Всем так объясняют, наверное, но в моём случае родителям уж точно верить можно. Потому что ждать они умеют как никто. В прямом смысле. И мне придётся научиться — сам выбирал, в конце концов.

Ну, а про то, что на чужие глупости не стоит обращать внимание, и говорить нечего. Этому уж научился… вернее, научили. Век не забуду, а то и дольше.

Я валялся на своём любимом месте — его за день так хорошо солнцем нагревает, потом несколько часов тепло — и листал один из альбомов тёти Гэри. Собственно, у нас больше читать нечего, да только и те альбомы читать не перечитать, я ещё даже трети не осилил.

Солнце зашло с полчаса назад, кого другого на моём месте родители могли бы и шугануть — а вот нечего читать в темноте, глаза портить! — но ко мне это опять же не относится.

По тропинке снизу затопали копыта. Я поначалу решил было, что кто-то из старших возвращается, но потом стало слышно получше — нет, это явно не из наших. У наших-то я все походки знаю.

Из деревни, стало быть. После захода солнца. Очень интересно. И это при том, что я никаких поводов к таким визитам не давал, я у деревенских вообще неделю как не появлялся. Значит, что-то случилось… ну, сейчас отец выйдет и разберётся. А заодно и я услышу.

Ого, сам староста пожаловал. Это не просто что-то случилось, а наверняка что-то серьёзное. Хотя кто их разберёт… после того случая сюда вообще стараются лишний раз не заходить, а староста — он вроде как местная власть, и кому же как не ему?

А вот и папа. Как всегда при посторонних, в этом плаще с капюшоном.

Дурацкий обычай, по-моему. Для деревенских мы какая-то чуднáя община со своими понятиями, они к нам и так не лезут… а нет: метки плащами закрывать и через раз обращаться друг к другу по изменённым именам. Чтобы, значит, не знали, сколько нас здесь и кто есть кто. Они и так не знают, можно спорить.

Хорошо хоть, на меня эта ерунда не распространяется, меня ни с кем из наших всё одно не спутаешь. Хотя полным именем тоже не зовут: на будущее вроде как.

— Чем можем помочь, господин староста?

— Беда у нас, господин…

— Тингл.

Надо же, папа настоящим именем назвался. Хотя понятно: если беда, тут не до увёрток. Чтобы, значит, говорить как есть и на лишние соображения время не тратить.

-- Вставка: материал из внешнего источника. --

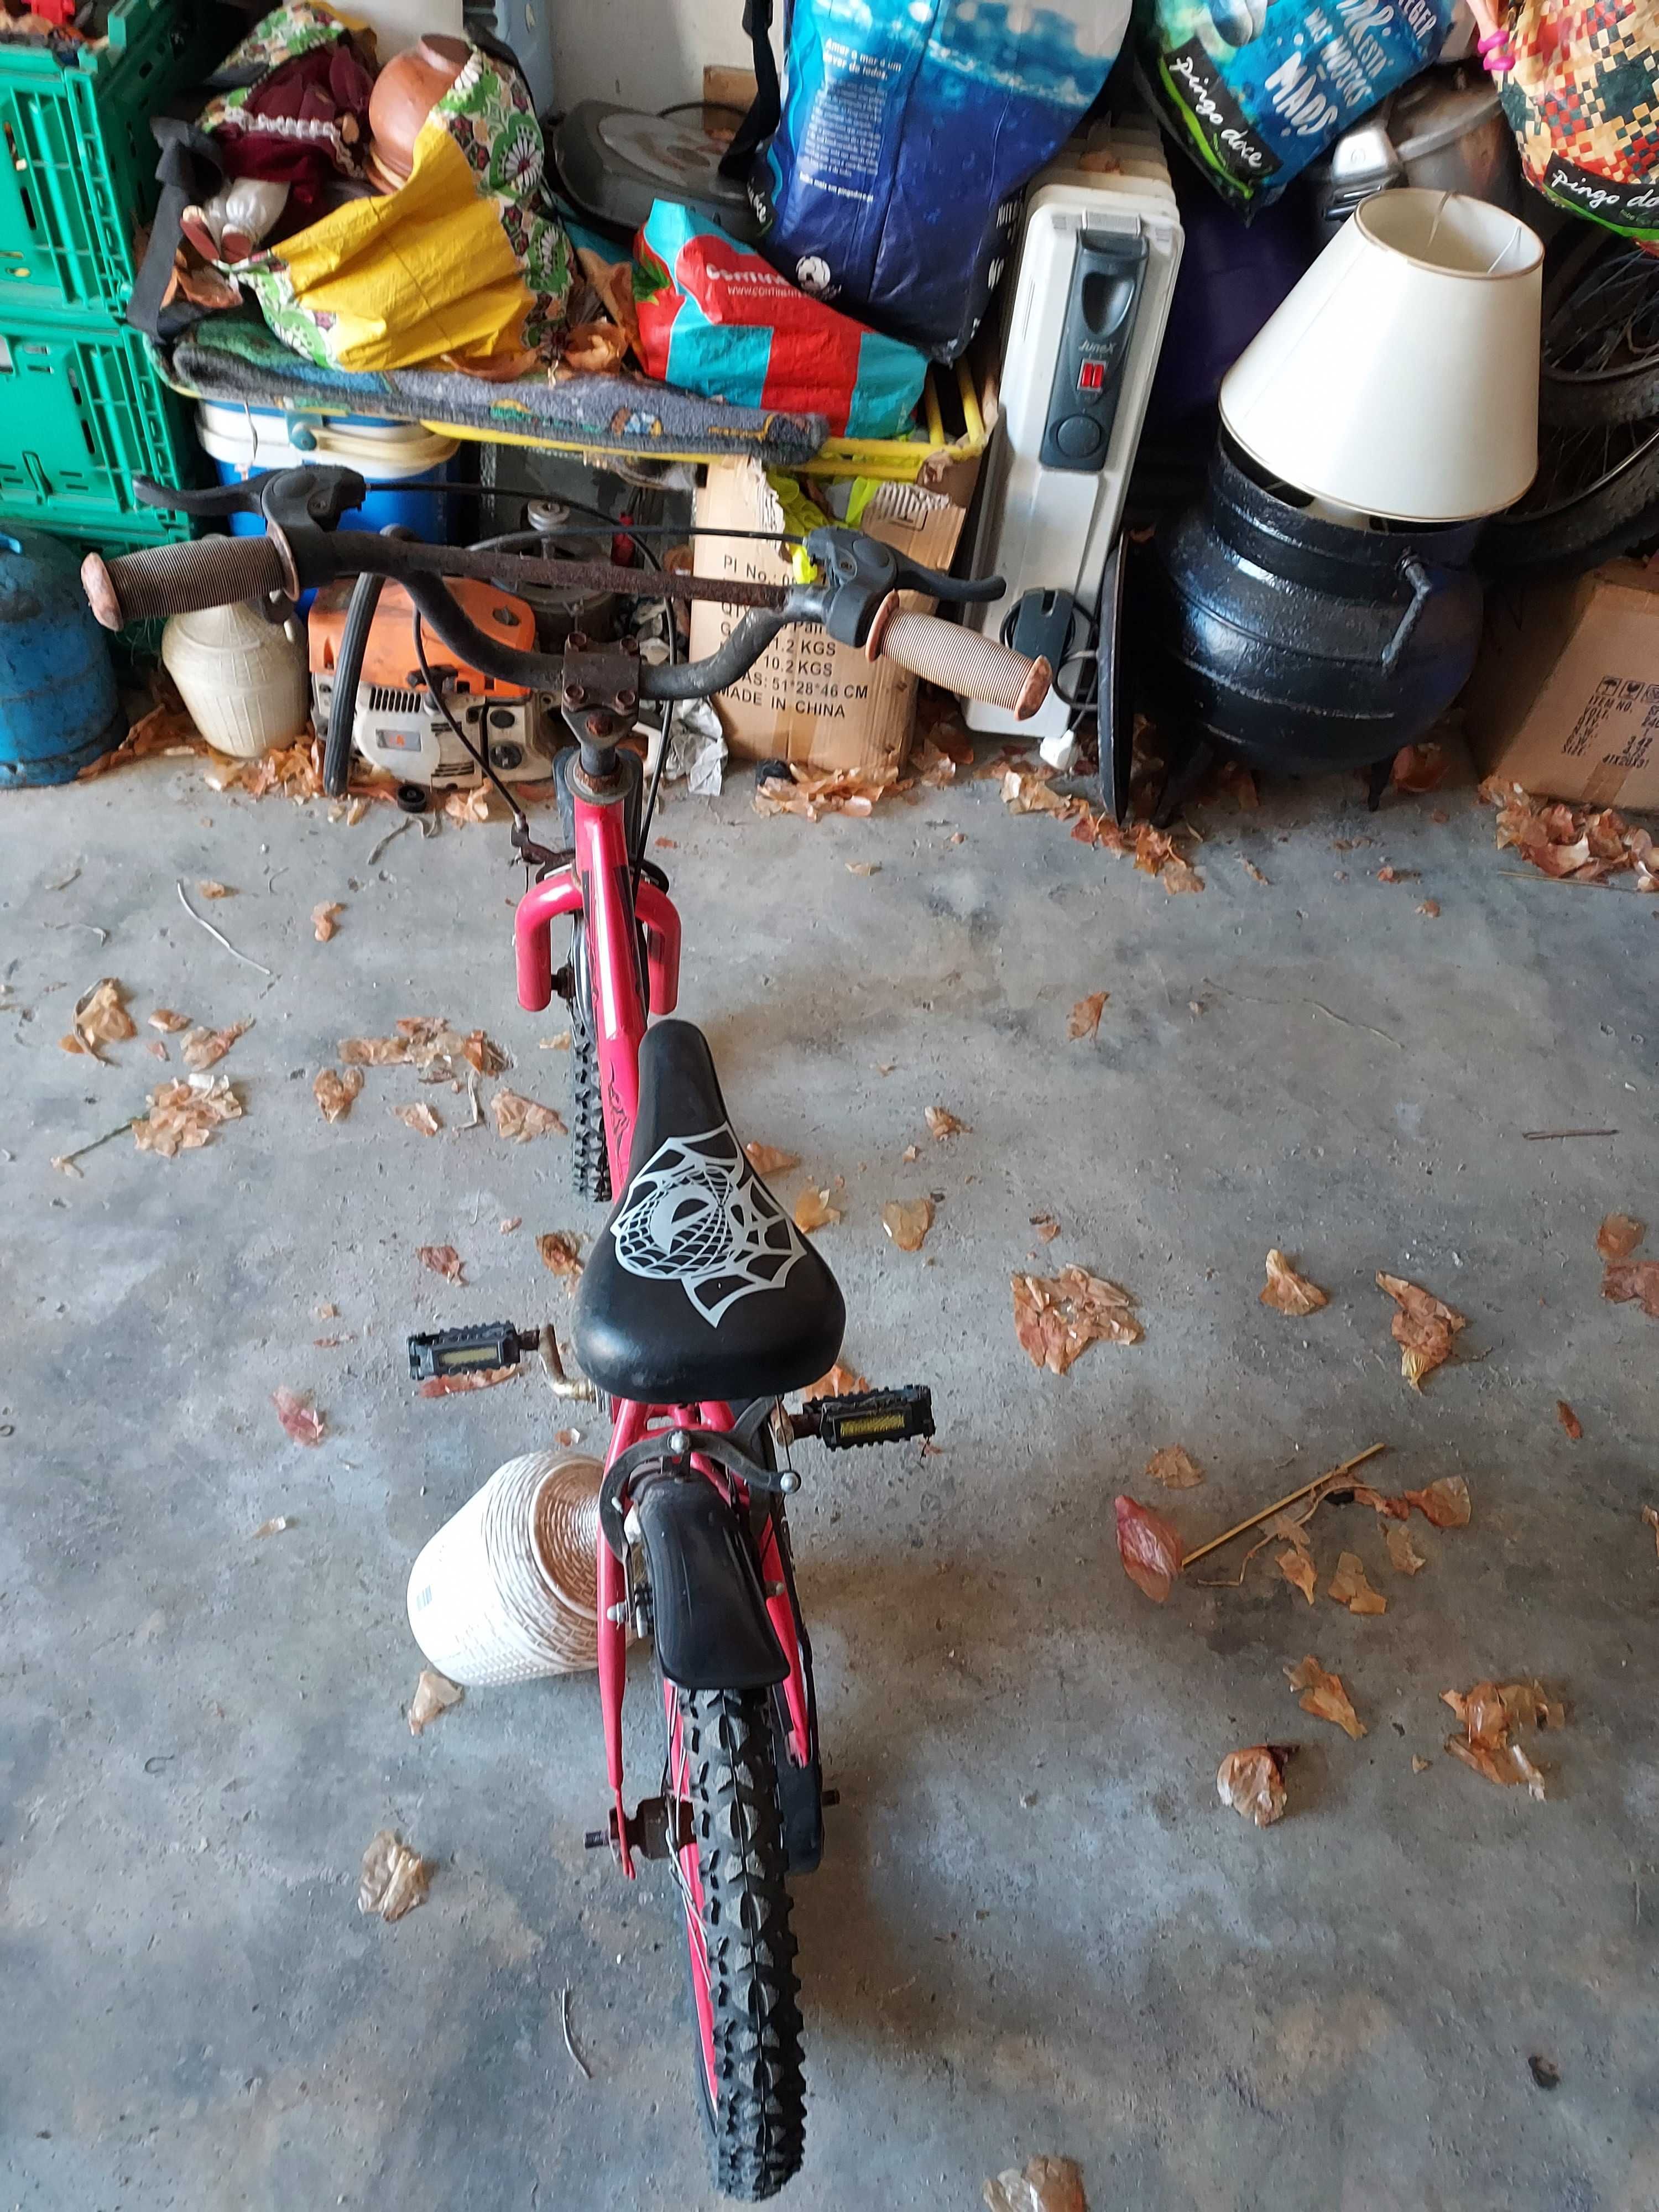 bicicleta de criança em bom estado

— Беда, господин Тингл! Стена дома обвалилась и крыша рухнула. Четверо внутри были…

— Развалины разбирать нужно? Нас здесь сейчас только трое, но…

— Это-то мы сами! А вот покалечило их… одного серьёзно… племянник мой…

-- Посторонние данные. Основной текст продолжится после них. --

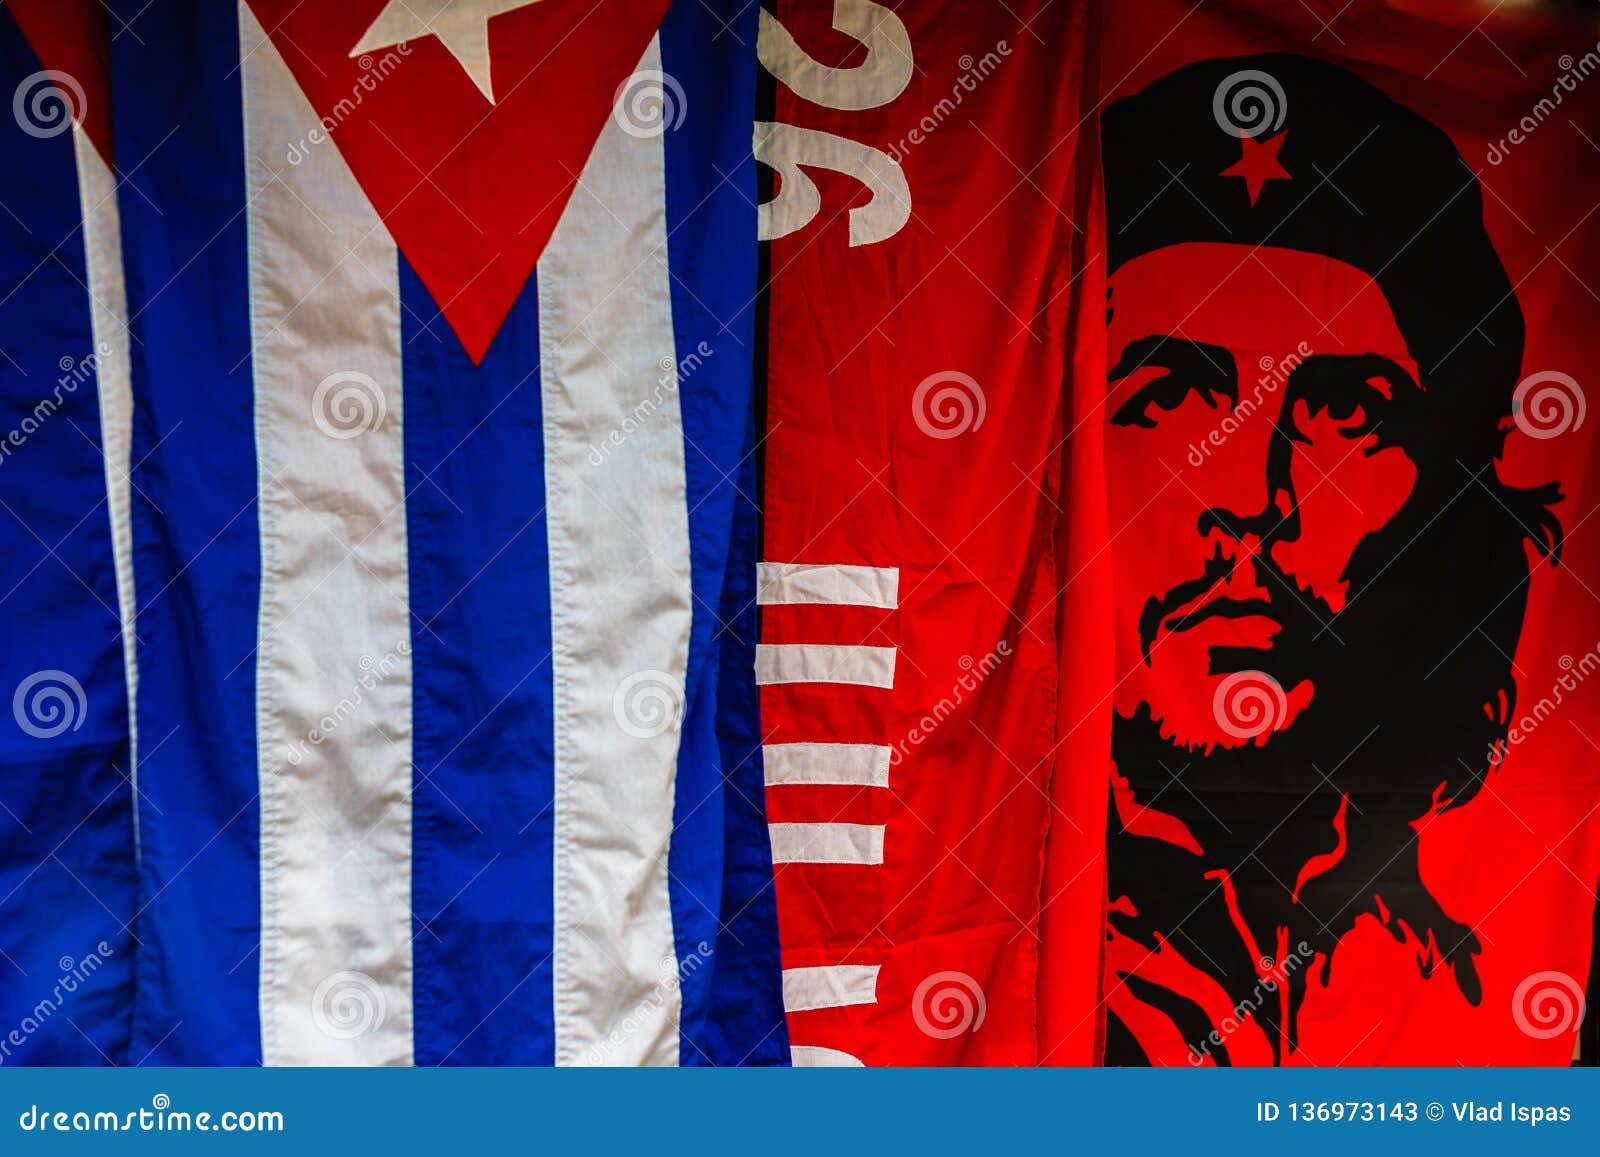 Cuba & Che Guevara Double Friendship Table Flag Set

Племянник старосты? Помню его. Он тогда вторым бросил в меня камень… а первым, кстати, был внук. Ну, тот вообще полный дурак, как не в деда…

— Спрингсайн!

Тётя выскочила из пещеры уже с сумками, она у нас травница. Слышала разговор, конечно.

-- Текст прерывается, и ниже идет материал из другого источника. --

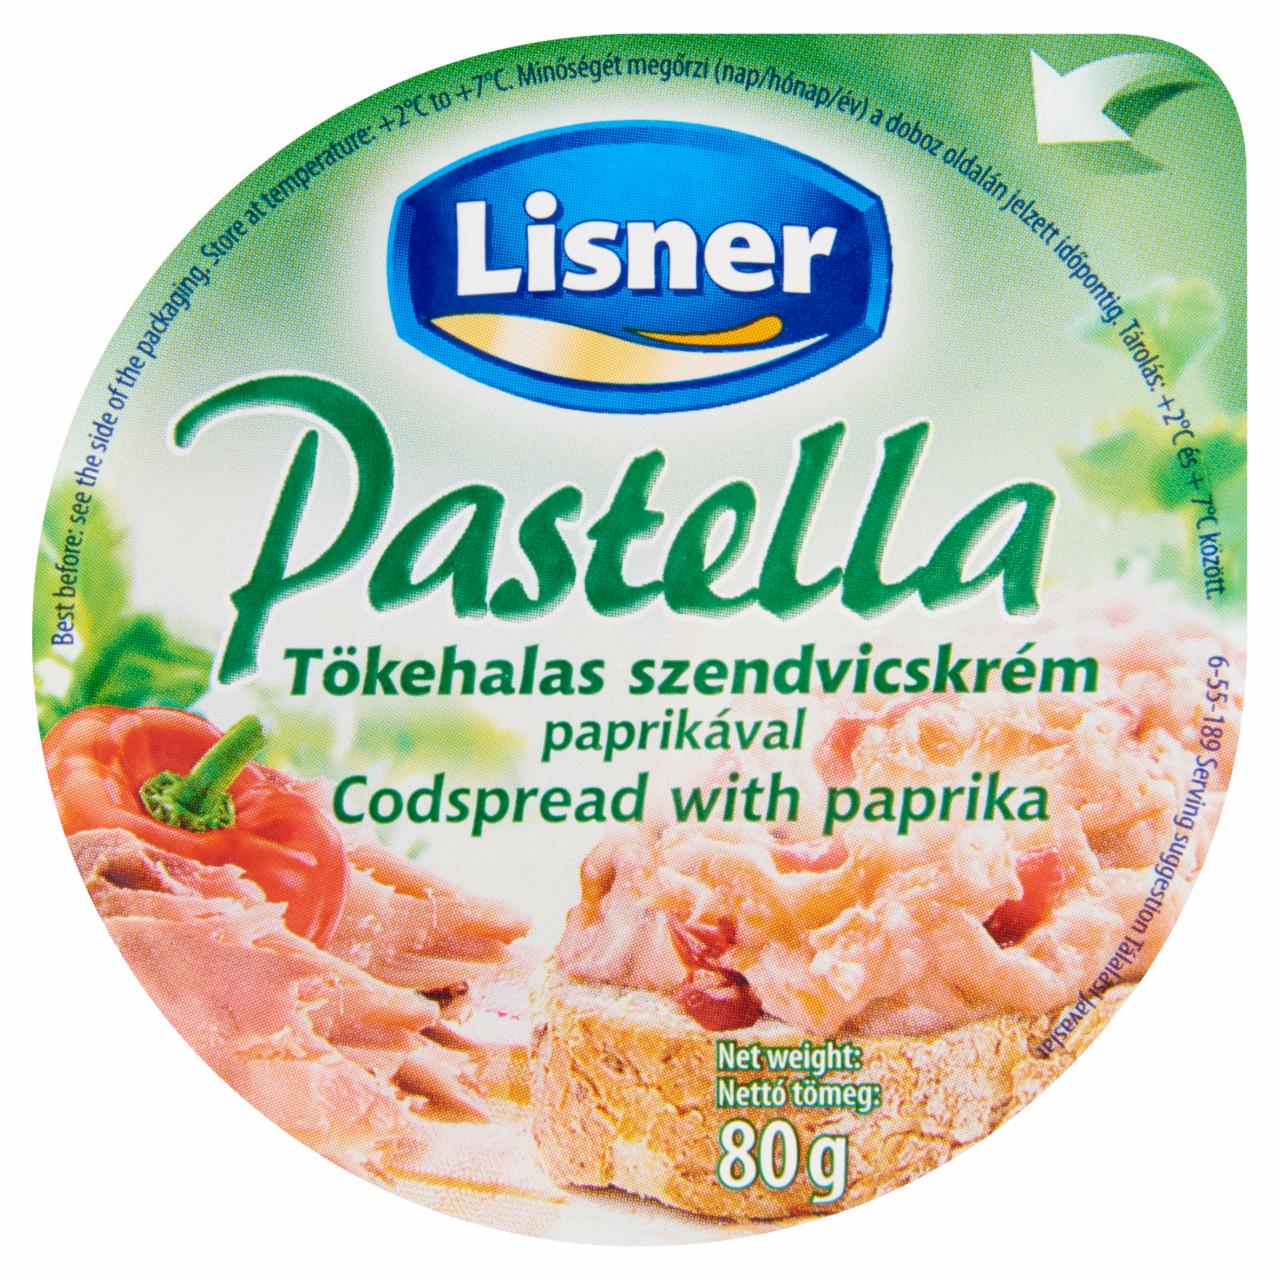 Képek - Lisner Pastella tőkehalas szendvicskrém paprikával 80 g

— Сайни, что тут можно сделать?

— А что сделаешь? Боль снять. Раны обработать и перевязать. Вывихи вправить, переломы собрать и шины наложить.

— Обе задние ноги раздробило в осколки… — всхлипнул староста.

Тётя безнадежно присвистнула:

— Это настоящий врач нужен! Хирург. И то неизвестно, чем кончится. Что смогу, конечно… — Она сделала движение умчаться, но папа остановил:

— Стой! Если нужен врач… возьми маячок…

Он кинул ей телекинезом стеклянный шарик. Тётя подпрыгнула, поймала его сумкой и унеслась по тропинке.

— Телепортация?! — Староста подскочил. — Вы… можете?

— Нет, к сожалению. Слишком редкий дар, даже по нашим меркам. Мои таланты лежат в другой области.

Это да. Папин талант — погодная магия, даром что он не пегас, а единорог, у него и на метке молния. Ещё бóльшая редкость, кстати.

— Тогда как?

— Ближайшая настоящая больница, при которой точно есть мастер телепортации — в Толл-Тейле. Нужно отнести туда парный маячок.

— Думали уж! Не маячок, а хоть письмо… деревню нашу там и так знать должны. Никто из наших не взялся: ночь, далеко… да вы ж их сами знаете, они и днём-то…

Знаем. Деревня фермерская, пегасов в ней одна семья, пятеро, и те все земные. Самое большее, котёнка с дерева снять могут. Собственно, у них и единороги примерно такие же.

— На ваших надежда… ох… — Староста как сдулся. Посмотрел на меня, на тропинку, по которой тётя убежала. — Трое вас сейчас, вы сказали? Ну, значит, всё…

Интересно, это то, о чём я думаю?

— Чейзи! Ты всё слышал.

— Да, пап. — То самое, оно и есть. Я развёл крылья, глянул на перья. В порядке, конечно. Закрыл книжку и встал.

— Э… вы что задумали, а? — до старосты тоже начало доходить. — С ума, что ли, сошли? Мало нам своих четырёх калек, ещё и вашего парня гробить?!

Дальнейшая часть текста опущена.